Are SSDs Required for Your Big Data Workflow? The Answer May Surprise You
Have you heard the buzz about the predicted death of hard disk drives (HDDs)? Some have gone all in on projections that the growth of SSD deployments will eliminate demand for HDDs within five years. Other industry analysts size the market differently. Having seen IT leaders and their partners deploy successful Big Data applications using my company’s software on either SSDs or HDDs – and sometimes both – the subject could use some balanced perspective.
Big Data workloads involve the processing, storage, and analysis of massive volumes of data that exceed the capabilities of traditional data management tools and techniques. They often require specialized technologies, such as distributed computing frameworks, to efficiently manage and derive insights from the data. These workloads are commonly found in industries where the ability to process and extract valuable insights from large and complex datasets is crucial for making informed decisions.
Many IT team leads often presume that Big Data workloads implicitly require more costly solid-state drives (SDD) for storage. Vendor hype on the subject has grown such that it’s obscuring a more nuanced reality – especially given innovation in multiple vendors’ hard drive density and performance.
In general, SSDs can enable new levels of performance and efficiency in big data workloads by significantly improving data access and processing speeds, reducing latency, and supporting the requirements of modern data-intensive applications. This is certainly true in some cases – but not all. Even though hard disk drive (HDD) shipments recently fell 20% quarter-over-quarter, the stocks of makers of disk drives, memory chips and semiconductor-manufacturing equipment are on the rise – some significantly. While there are a few who argue that the HDD is dying, the reality is that SSDs can’t totally replace this storage medium. In fact, there are many circumstances where HDD is a better fit.

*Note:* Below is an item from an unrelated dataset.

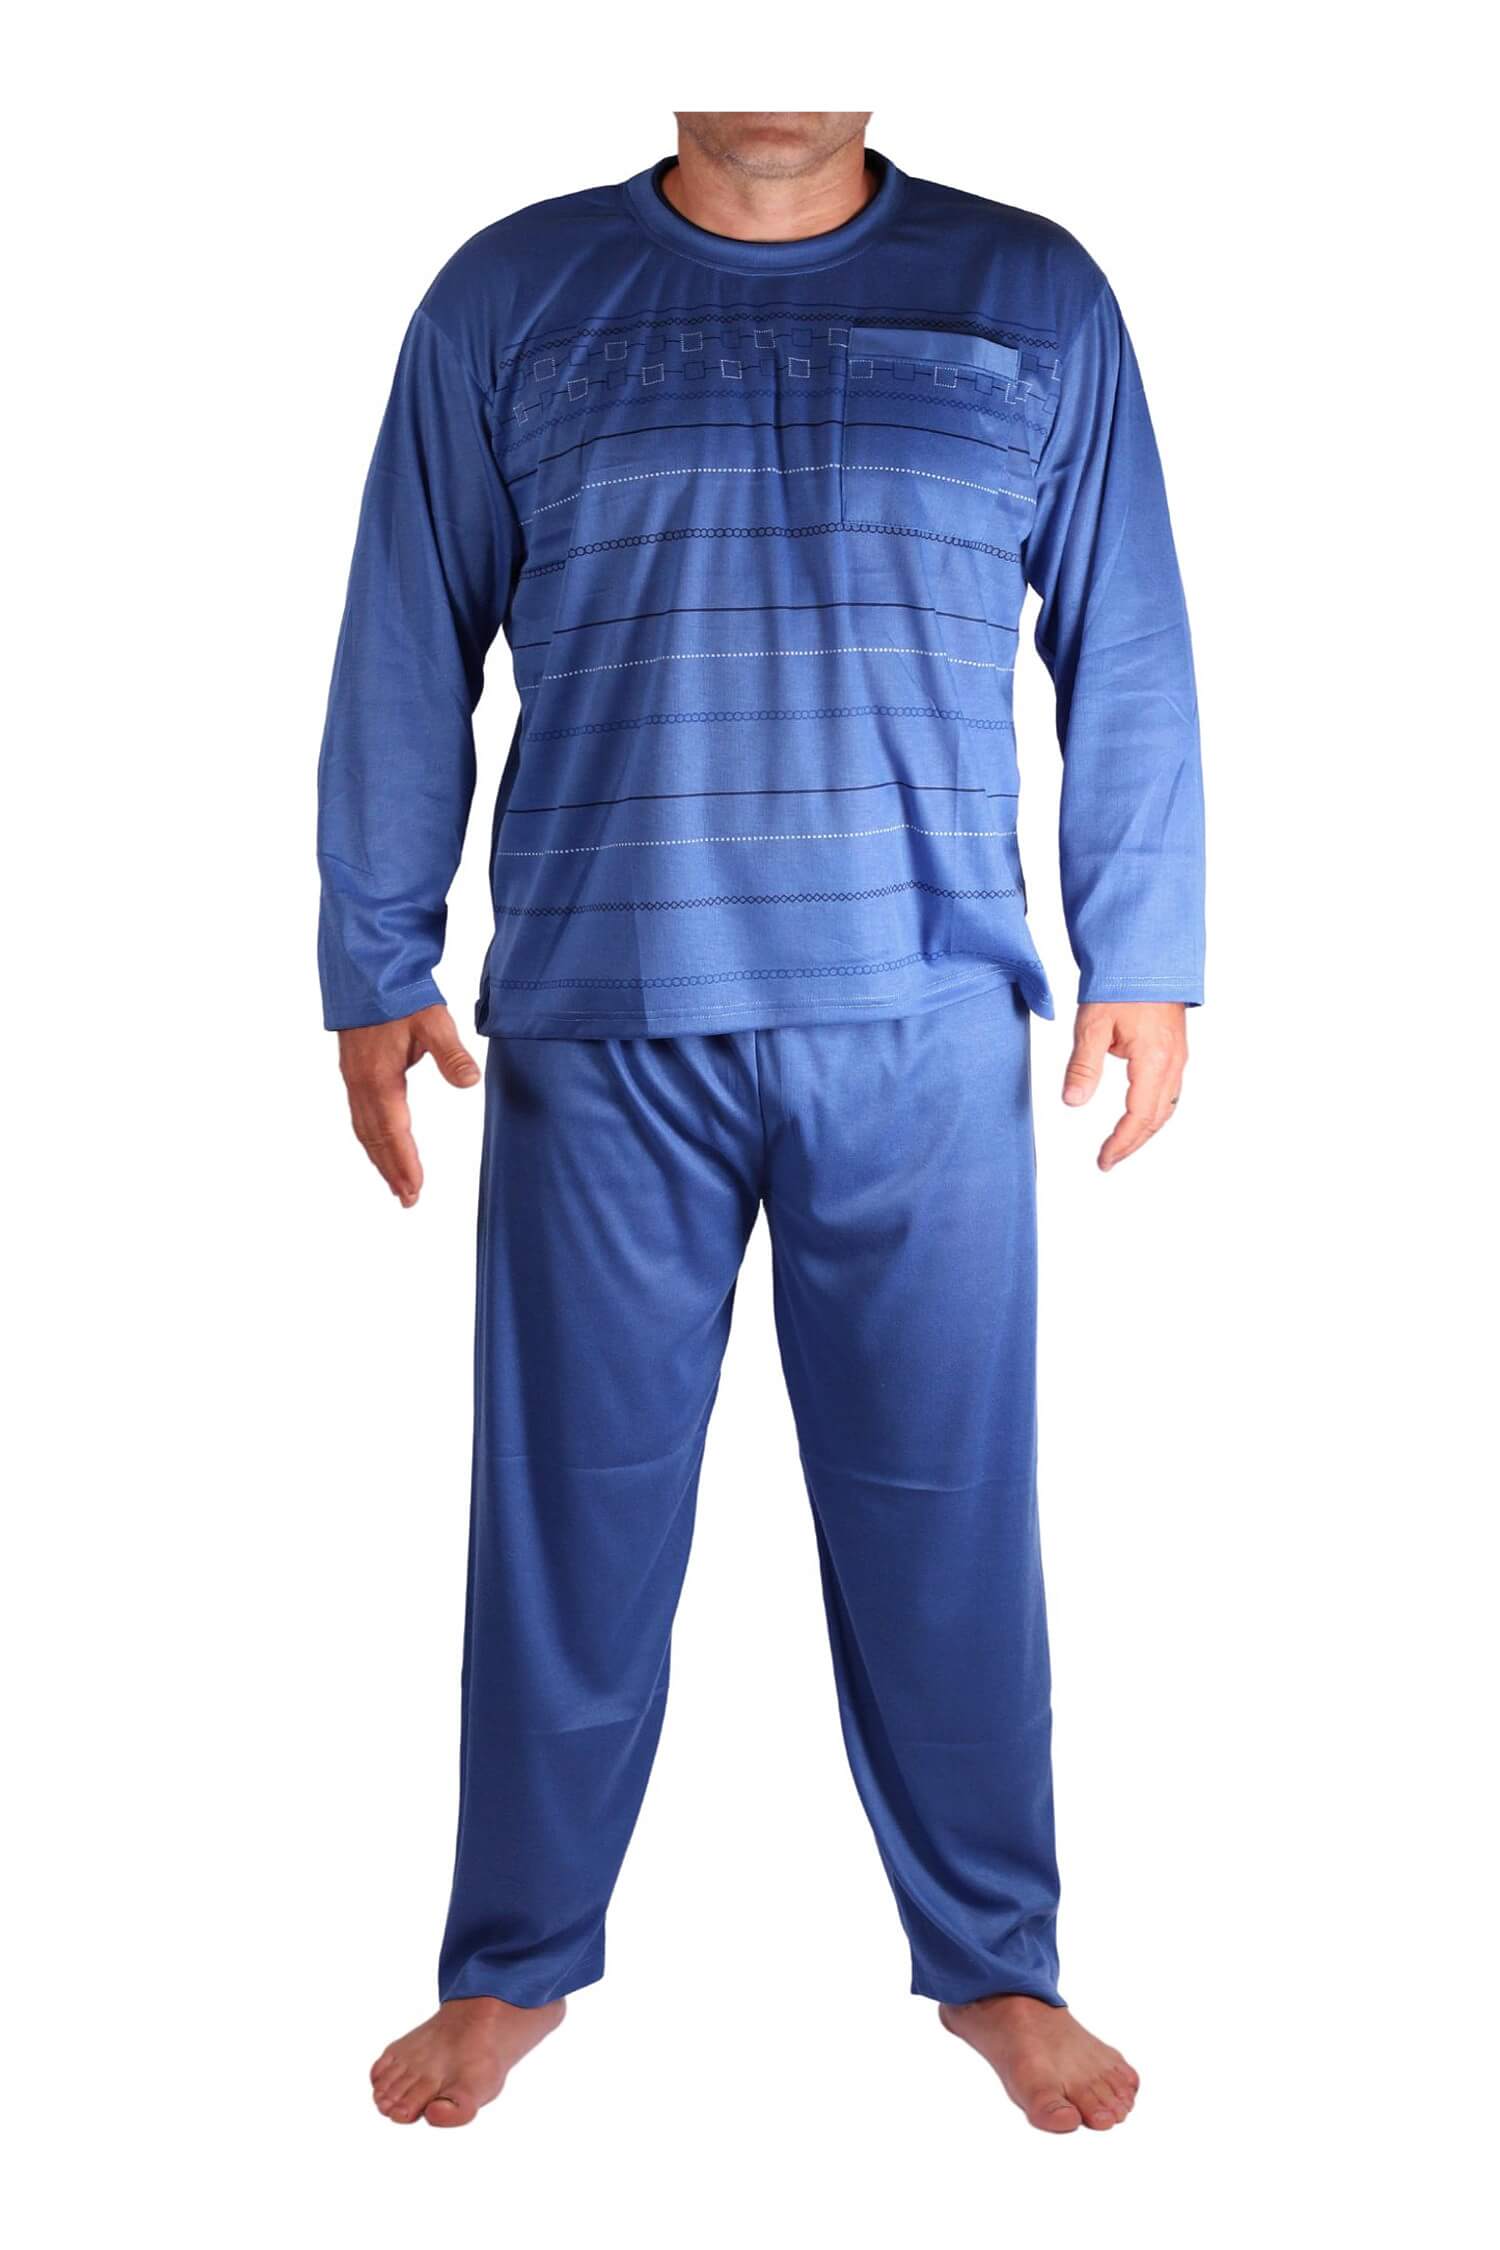 Milan pyžamo pánské dlouhé V1611 modrá XXL

Stay Balanced: Consider When HDDs May Make More Sense Than Flash
The first instance where HDD may be a better option is sequential workloads (IO). Flash does have superior random IO characteristics compared to HDDs with comparable density. In a transaction processing system – querying client accounts and balances in a database, for instance– this is advantageous for applications whose duties include reading small amounts of data on a random access basis.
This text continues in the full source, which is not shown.